As MTEB creator Dr. Niklas Muennighoff at Hugging Face puts it: "Embeddings are the invisible but crucial foundation of any performant RAG system. A good embedding choice can improve retrieval precision by 20 to 30%."

This article explains how that geometry works, where it breaks, and which models to use to get it right in 2026.

What an Embedding Actually Is

An embedding is a fixed-length vector — a list of floating-point numbers — that represents the meaning of a piece of text. A short sentence might be represented as a vector with 768 numbers. A paragraph processed by OpenAI's text-embedding-3-large model becomes a vector with 3,072 numbers.

Those numbers are not arbitrary codes. They are coordinates in a high-dimensional space where meaning becomes geometry. Text that means similar things produces vectors that point in similar directions. Text that means different things produces vectors that point in different directions.

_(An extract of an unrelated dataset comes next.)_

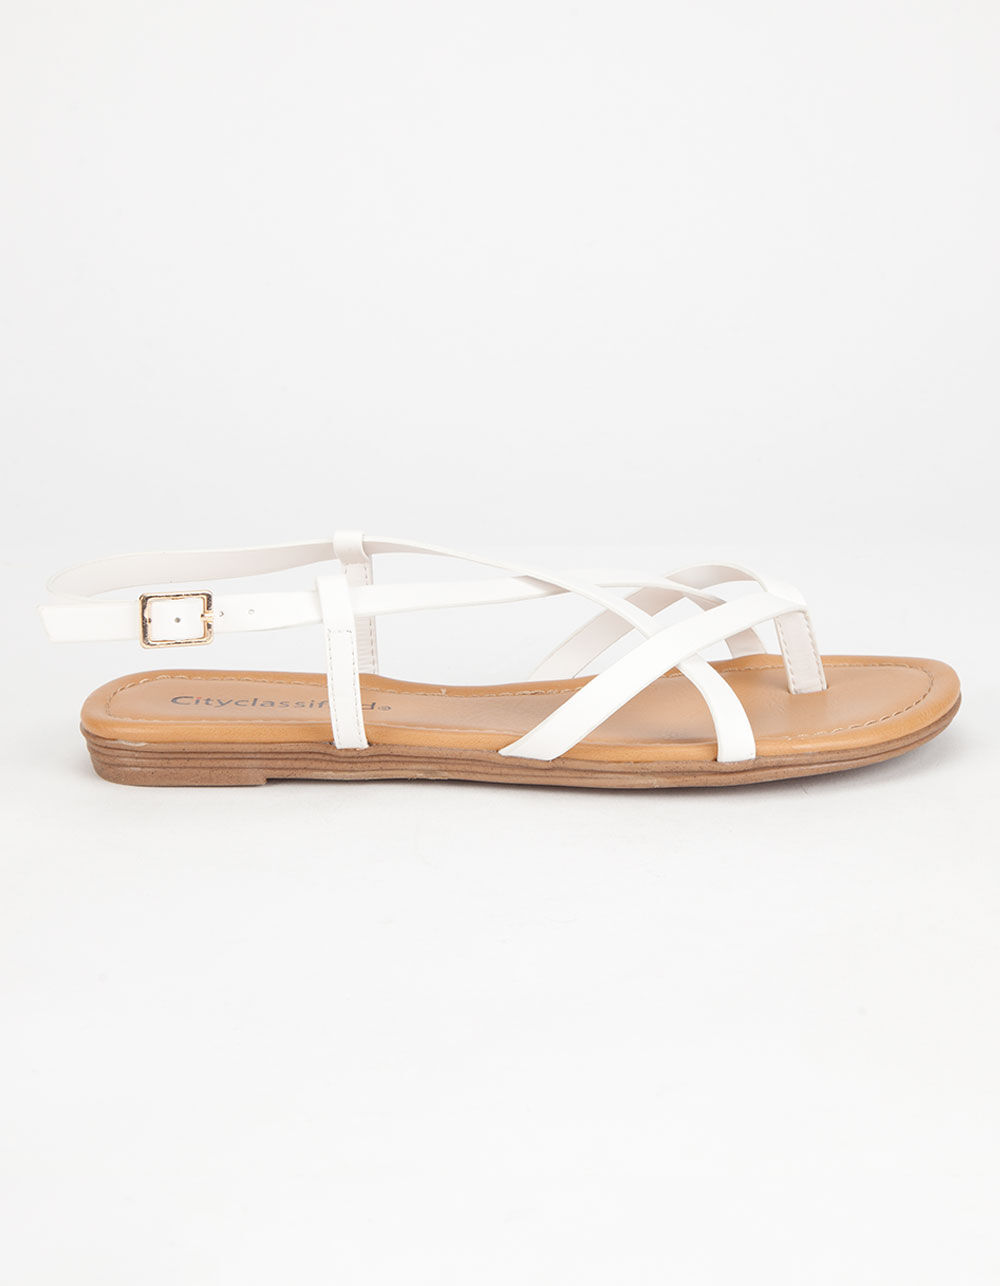 CITY CLASSIFIED Spica Womens Sandals image number 1

The classic illustration from Word2Vec is still useful: if you take the embedding for "king," subtract the embedding for "man," and add the embedding for "woman," you get a vector close to the embedding for "queen." The arithmetic works because the geometric relationships between words in the vector space reflect semantic relationships between concepts.

plaintext

Semantic space (simplified to 2D for illustration)

            ^ dimension 2
            |
  "heart    |         "cardiac
  failure"  *         arrest" *
            |
            |
            |   "bank loan" *
            |
            |                "river bank" *
            +-------------------------> dimension 1

Distance between "heart failure" and "cardiac arrest": small
Distance between "bank loan" and "river bank": large
Distance between "heart failure" and "bank loan": large

In a real embedding space, this plays out across 768 to 3,072 dimensions.
The semantic relationships are the same. Just harder to draw.

Word embeddings are generated by neural networks trained on large text corpora. The network learns the contextual usage of words, capturing not just obvious synonyms but also nuanced relationships — so the embedding for "bank" in a financial context differs from "bank" as a riverbank even though the word is the same.

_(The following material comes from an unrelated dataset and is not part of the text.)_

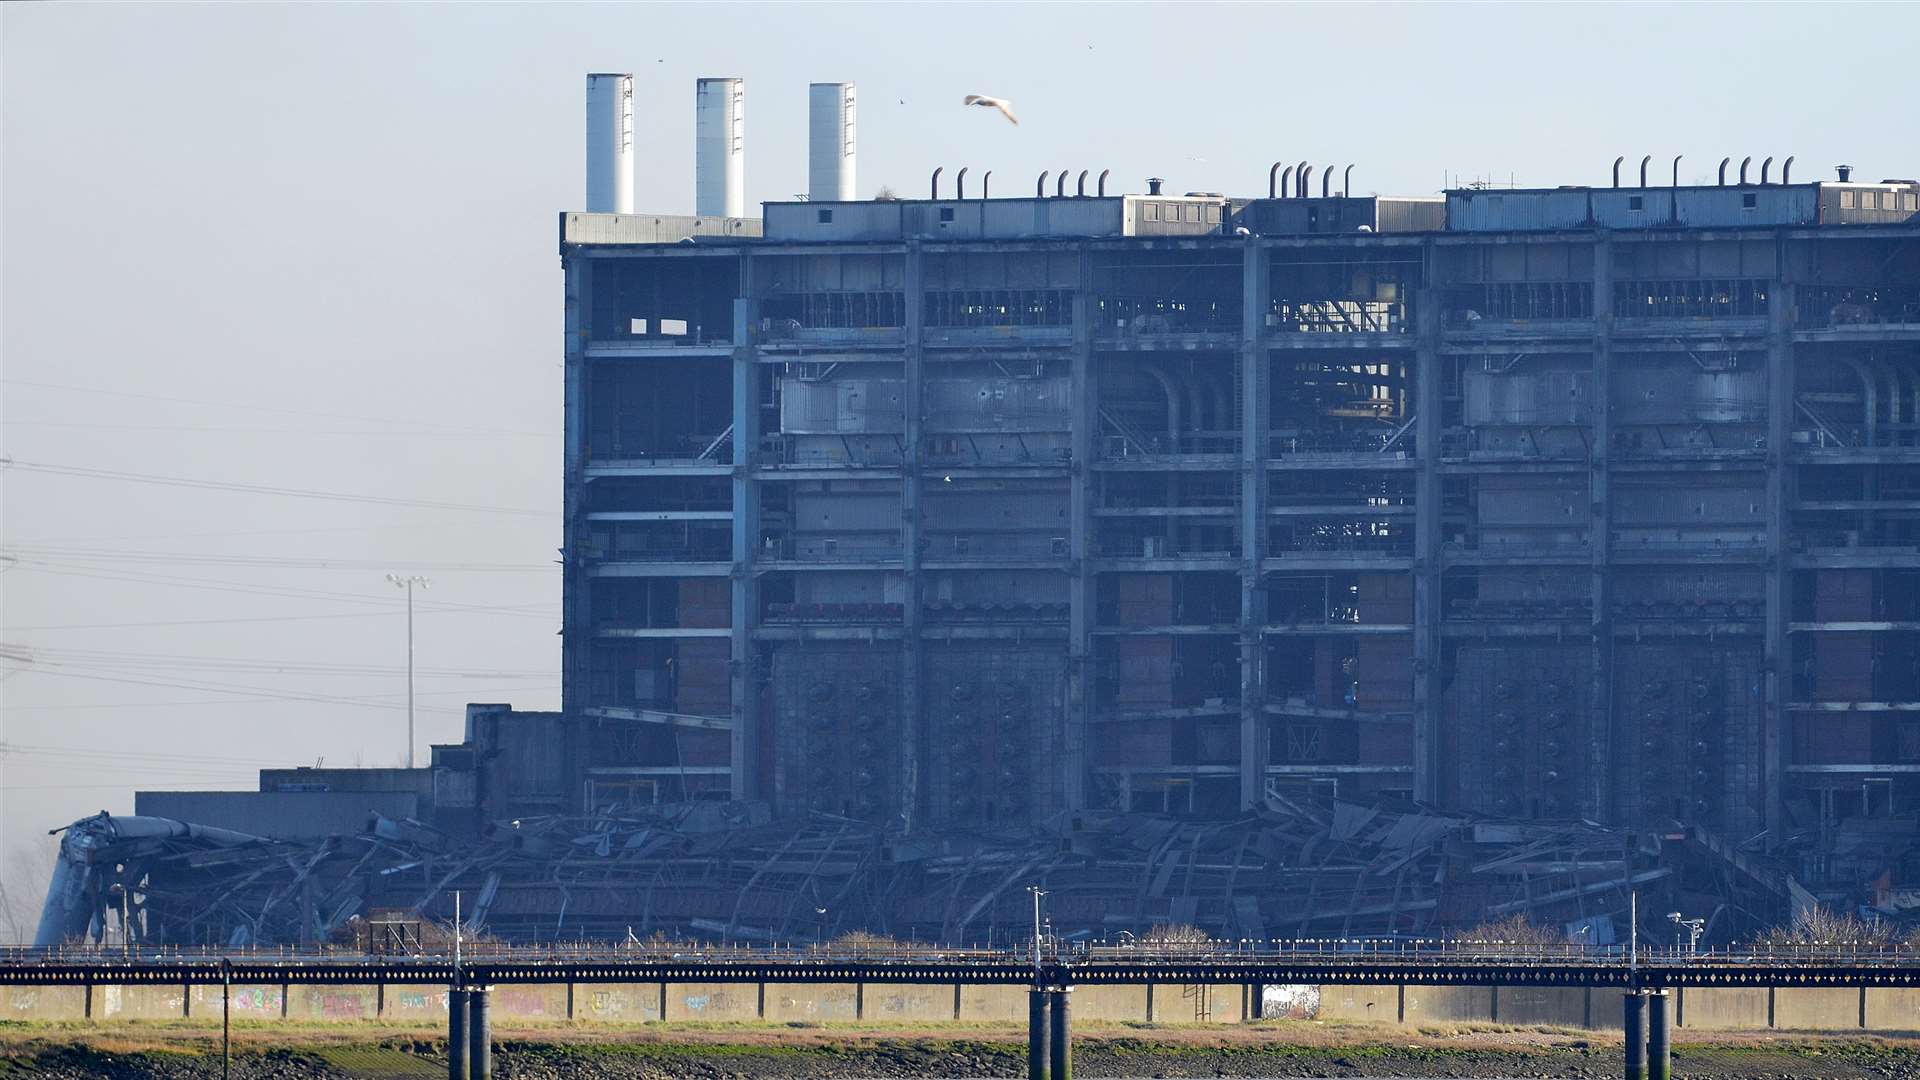 The aftermath of the tenth demolition at Tilbury power Station. Picture Credit: Jason Arthur

Modern RAG systems use sentence or passage embeddings rather than word embeddings. The embedding model processes an entire chunk of text — a paragraph, a document section — and produces a single vector that represents the meaning of that whole piece. This is what gets stored in the vector database and compared against query vectors at retrieval time.

How Transformers Produce Embeddings

The embedding models used in production RAG systems today are based on the Transformer architecture, introduced in the 2017 paper "Attention is All You Need." Unlike earlier models that processed text sequentially, Transformers use self-attention mechanisms to weigh the importance of different words in relation to each other, regardless of their distance in the sequence.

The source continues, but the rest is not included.